A lot of uncertainty

Mortgage rates move up or down according to investors’ outlook on the economy. An unexpectedly rosy or grim economic report can reset that outlook, causing rates to jump or to plunge. Inflation gauges such as the CPI have this power. For its part, the Fed tries hard not to fluster investors. But it, too, has the capability to jolt markets — intentionally or not — when it revises its economic projections.

If surprising headlines arise on June 12, they could send mortgage rates on a wild ride. Or the day could proceed according to expectations, without mussing a hair of the mortgage market. We won’t know the day’s outcome until the end of Powell’s news conference.

Word of the month: ‘volatility’

As of the end of May, the Cleveland Fed was forecasting that the June 12 CPI report will show that core consumer prices rose about 3.6% in May, the same as April’s reading. Based on this expectation, the 30-year fixed-rate mortgage was between 7% and 7.25% as May drew to a close. The rate is likely to remain within that range through June 11 as markets await the big day.

Then June 12 rolls around, and with it, the CPI report. If core CPI drops significantly — say, to 3.4% or lower — mortgage rates could fall. If core CPI is above 3.6%, mortgage rates could rise. If core CPI is 3.5% or 3.6%, the mortgage market might yawn, without much rate movement.

Hours later, the Federal Reserve and Powell could reinforce or undercut the impact of the CPI report. Financial markets expect the Fed to reduce short-term interest rates in September or November, and investors will listen for any hint that the central bank will act sooner or later than that. Whatever happens, the events of that day might guide the trajectory of mortgage rates for weeks

“Expect more rate volatility ahead as the Fed and investors wait for more conclusive evidence of a return to low, stable and more predictable inflation,” Zillow’s senior economist, Orphe Divounguy, said in a news release.

If you’re trying to decide whether to float or lock a mortgage rate, reach out to your loan officer, who should have up-to-date information.

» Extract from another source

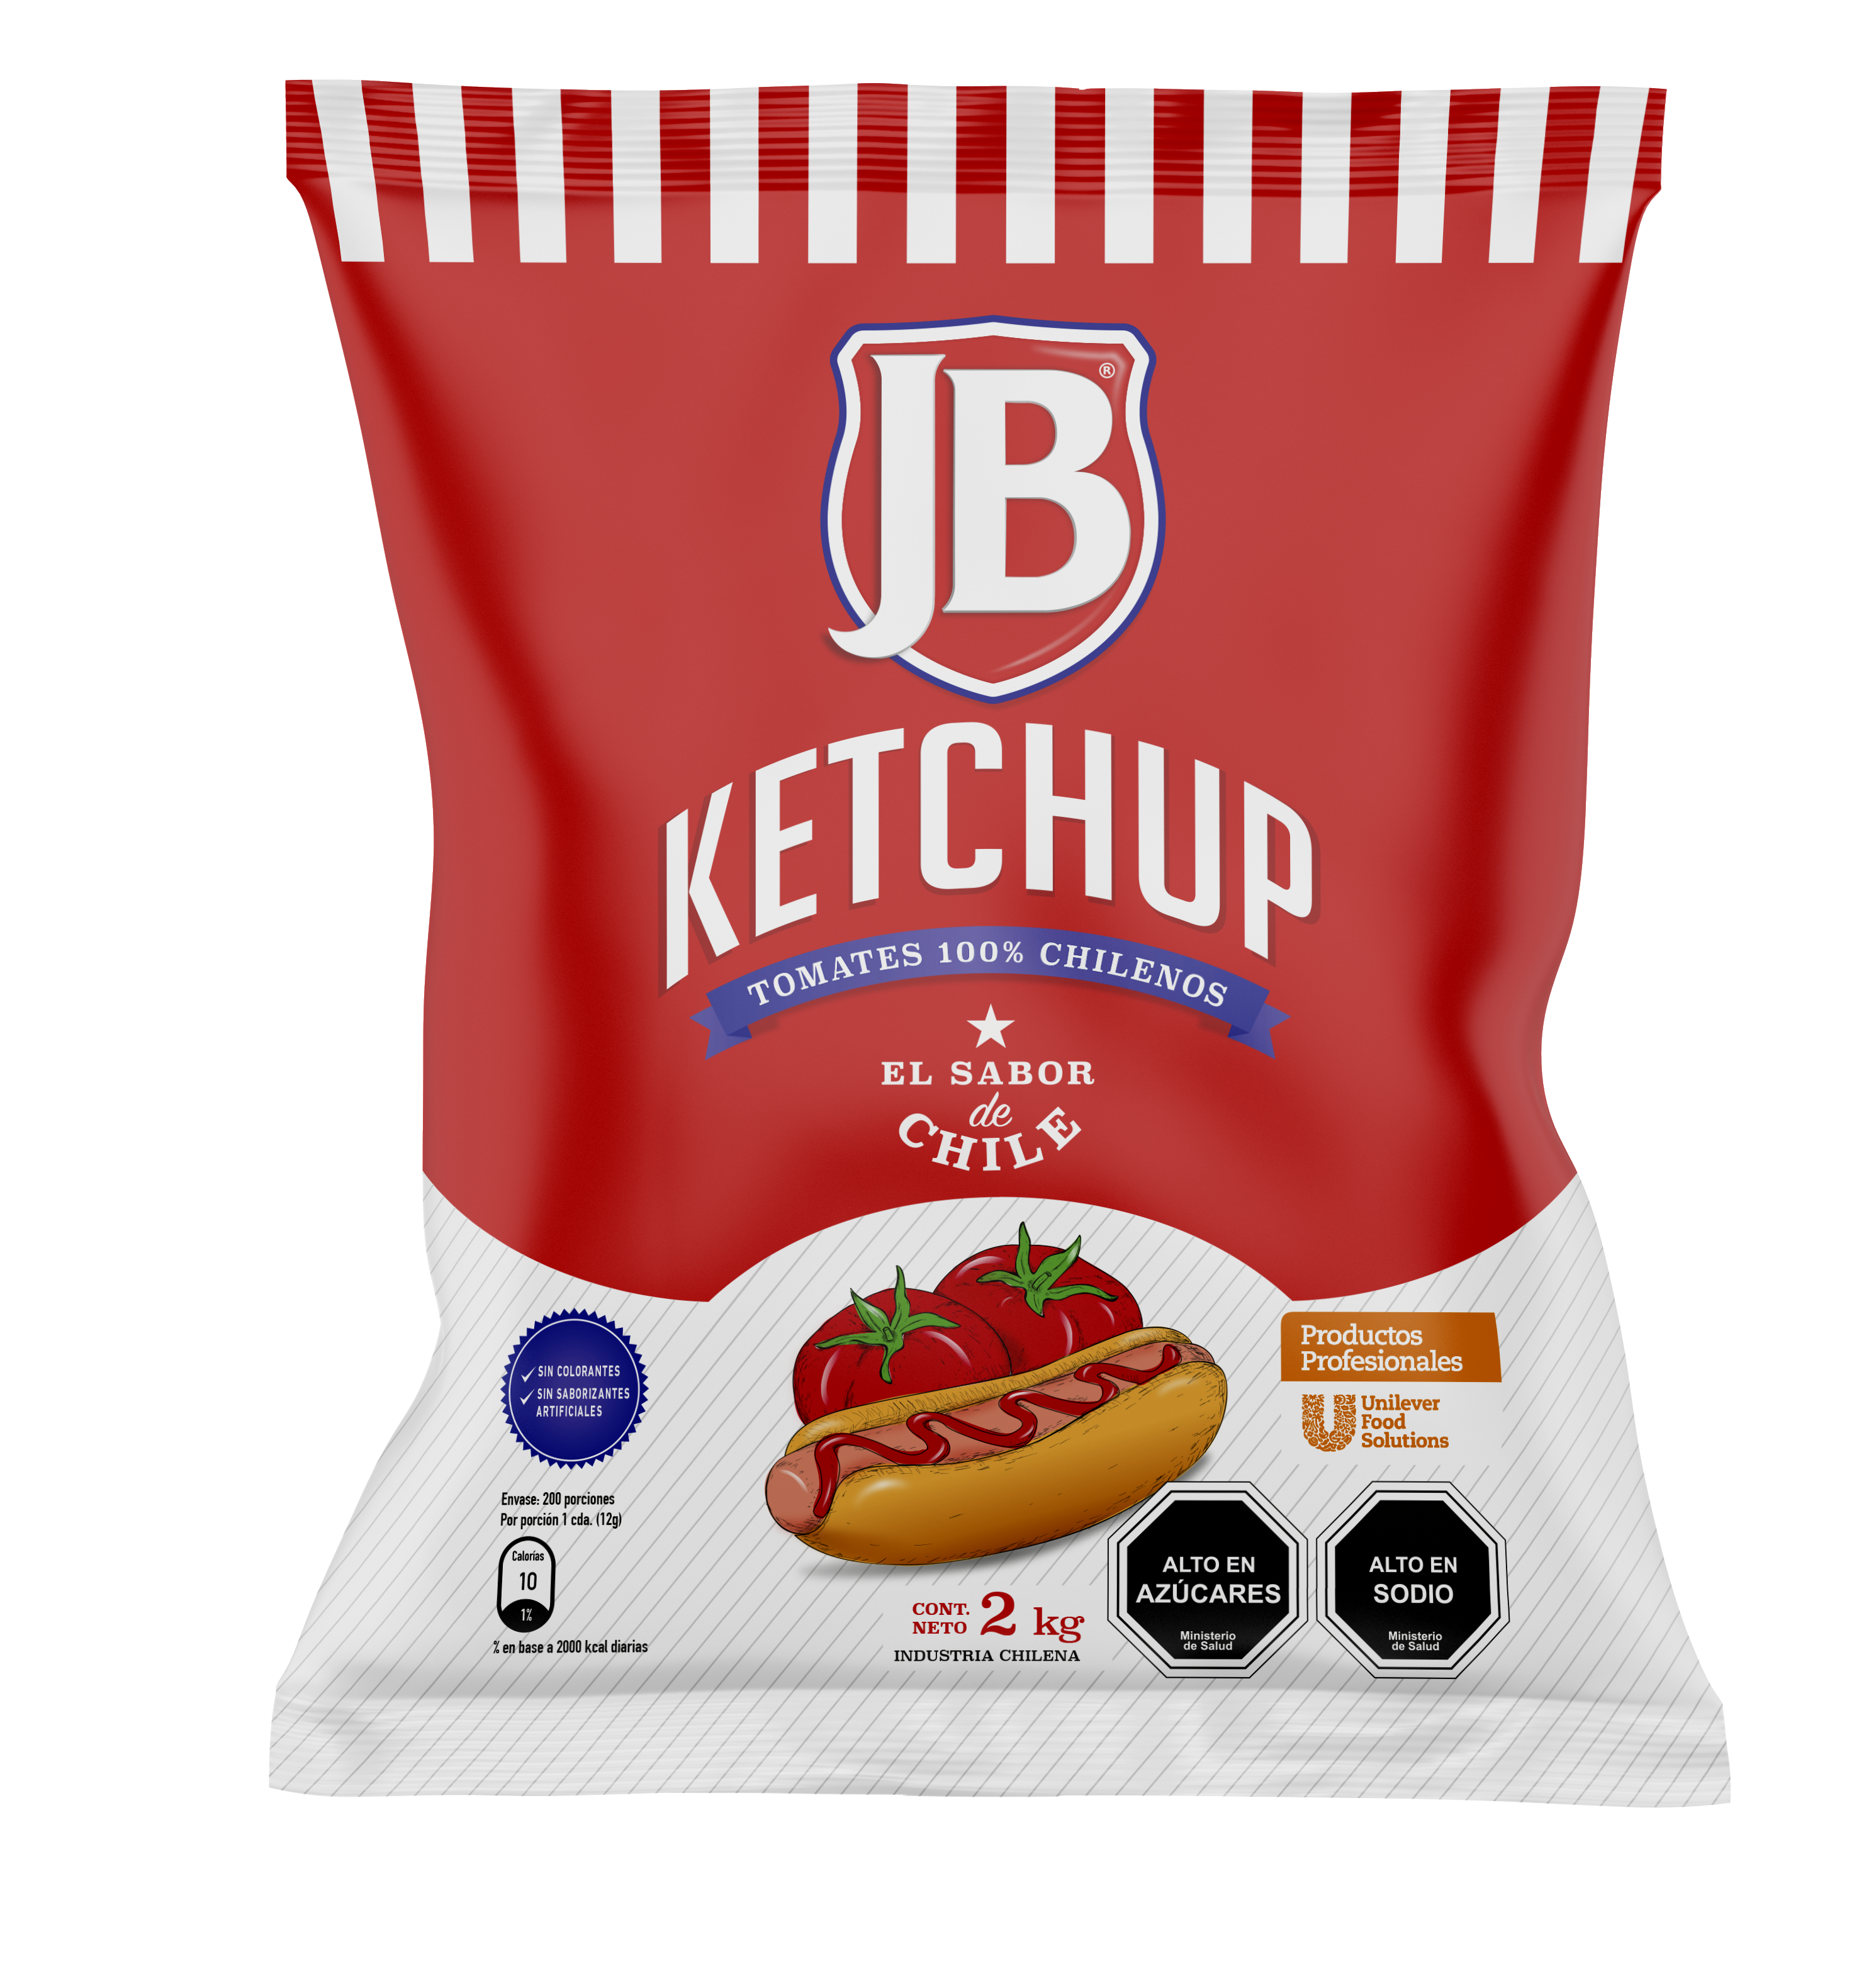 Ketchup JB 2KG - Ketchup JB, el sabor de Chile!

What other forecasters predict

Fannie Mae and the Mortgage Bankers Association revised their mortgage rate forecasts upward in May as inflation has proved tenacious. Fannie Mae’s prediction is less optimistic than the MBA’s.

What happened in May

The average rate on the 30-year fixed-rate mortgage averaged 7.01% in May, barely down from April’s average of 7.04%. The 30-year mortgage was above 7.25% at the beginning of the month, then dropped below 7% for a couple of weeks before rebounding above 7% in the last week.